The consultation was launched on 28 September and will conclude by 9 November, with the Government expected to publish its full response in the 2016 Budget.
“Encouraging business energy efficiency will play an important role in supporting our environmental objectives,” said Exchequer Secretary to the Treasury, Damian Hinds. “It will help the UK decarbonise cost effectively and ensure security of energy supplies, but it also has the additional benefits of boosting business productivity, and supporting growth and competitiveness.
“This consultation sets out proposals to reform the landscape in order to deliver a simpler and more stable environment for business.”
Currently, some businesses have to comply with two carbon tax programmes – the CRC and CCL – as well as three carbon reporting requirements – the CRC, ESOS, and mandatory carbon reporting. The consultation announcement has been welcomed by green groups, including the UK Green Building Council (UKGBC) which claims a simplified policy landscape would drive investment in green technologies.
UKGBC senior policy advisor Richard Griffiths said: “Moving to a position where organisations are faced with just one key reporting scheme should help to free up organisations’ resources and allow them to focus on delivering energy savings, rather than administration.
“Likewise, rationalising the tax regime could provide a clearer spur for action, and help to kick-start commercial retrofit activity after a few relatively flat years.”
Griffiths added that more needed to be done to reduce emissions from UK buildings. “To do that, we need new incentives that significantly strengthen the case for businesses to not only identify energy saving opportunities but put them into action, and so it’s encouraging to hear that Government is open to new ideas in this area, especially in the light of recent cuts to support for renewables,” he said.
However, others are worried that removing the CCL might penalise companies which invest in green energy. According to a new survey of 100 decision-makers in the manufacturing industry – released today by npower Business Solutions – 65% of manufacturers are “concerned” or “very concerned” about the impact of removing the CCL exemption on investment.

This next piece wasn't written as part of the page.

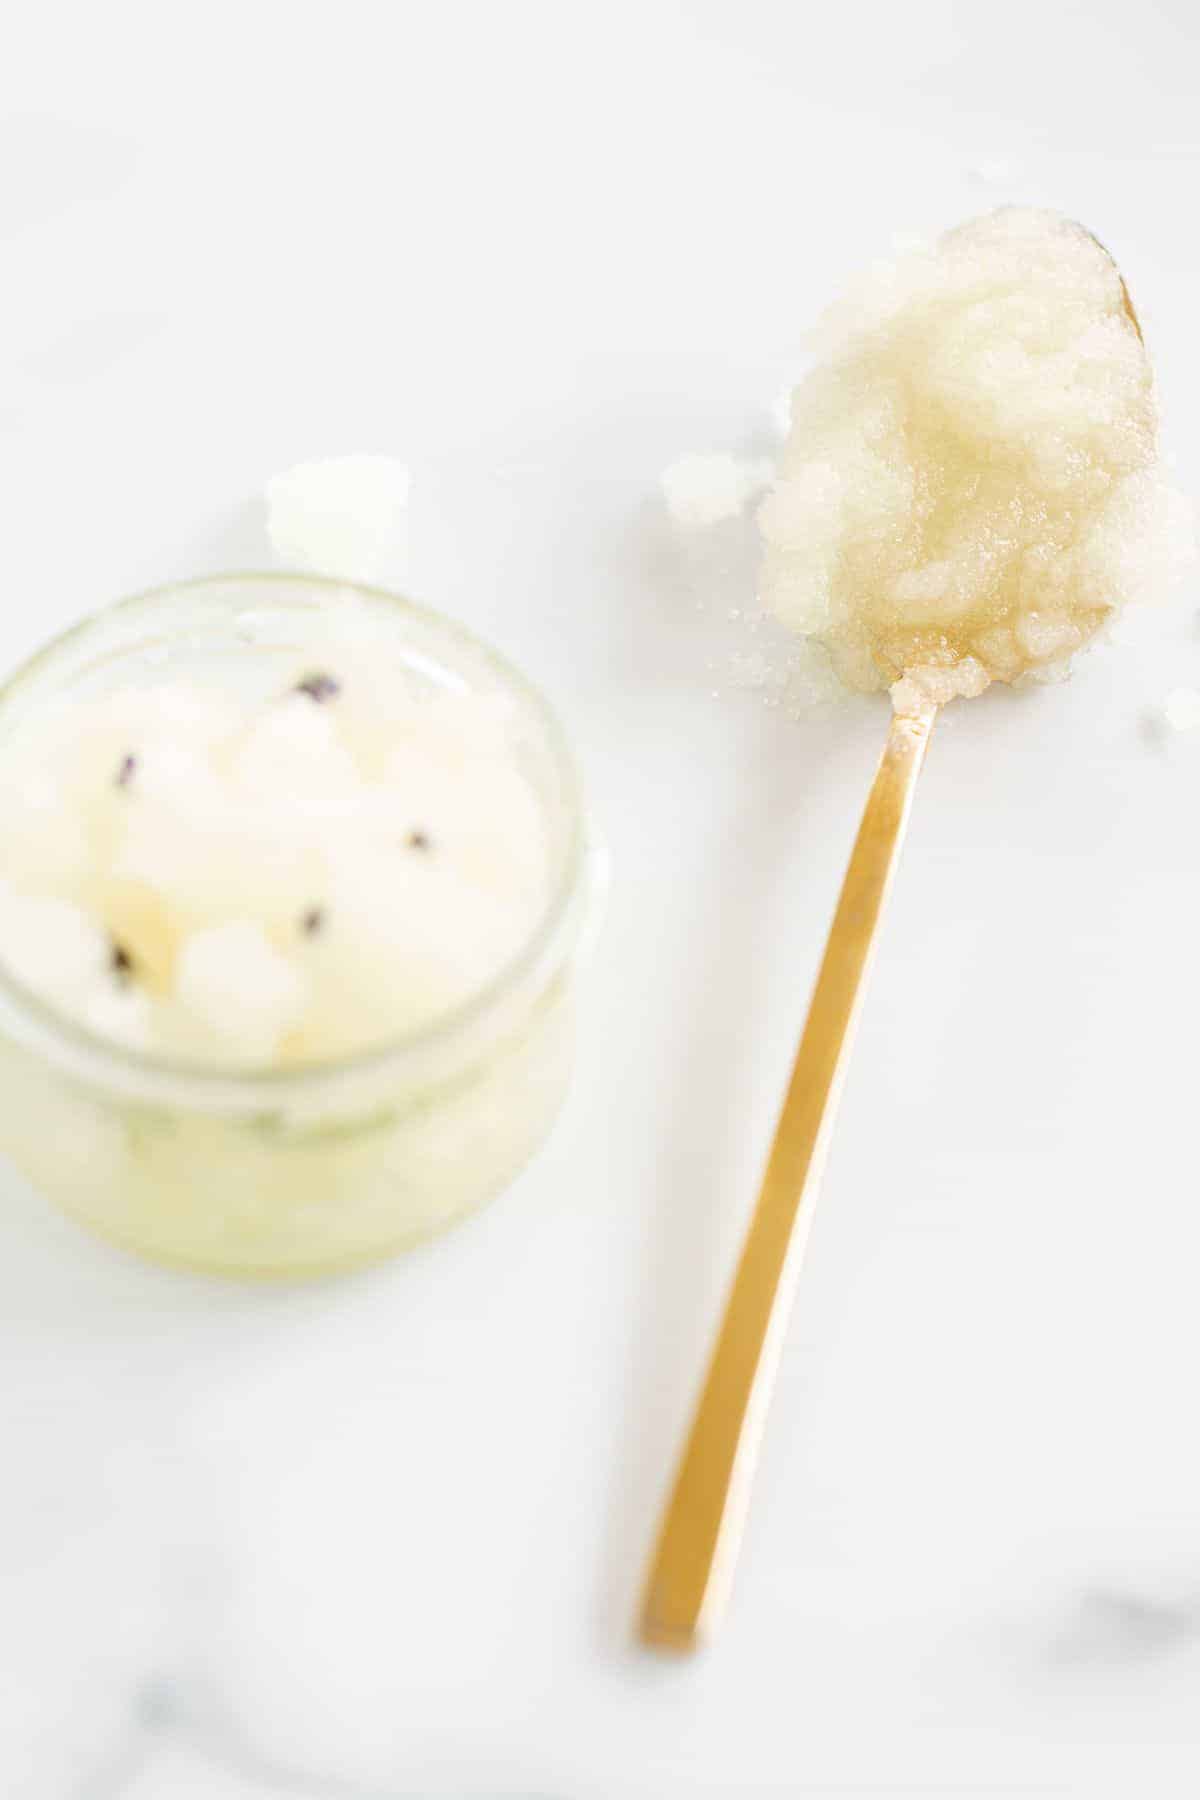 A homemade sugar scrub with lavender, in a glass jar on a white surface, gold spoon to the side.

Three quarters (74%) of those manufacturers that were surveyed did, however, agree that they were overburdened with bureaucracy in the energy regulatory framework; while 57% claimed that existing and planned policies “don’t reflect the needs of British businesses”.
Wayne Mitchell, director of markets & innovation for npower Business Solutions, said: “Some are speculating that the CRC scheme will be removed, with the CCL being used to address the shortfall in funding. We would support this measure in principle if costs were allocated fairly, however quick decision making on this is essential to ensure businesses have certainty.”
The current policy landscape has been criticised by businesses, industry bodies and green groups alike. In the past week, the Conservative Government has come under fire from renewable energy groups, the CBI and Al Gore for its ‘hypocritical’ green policies.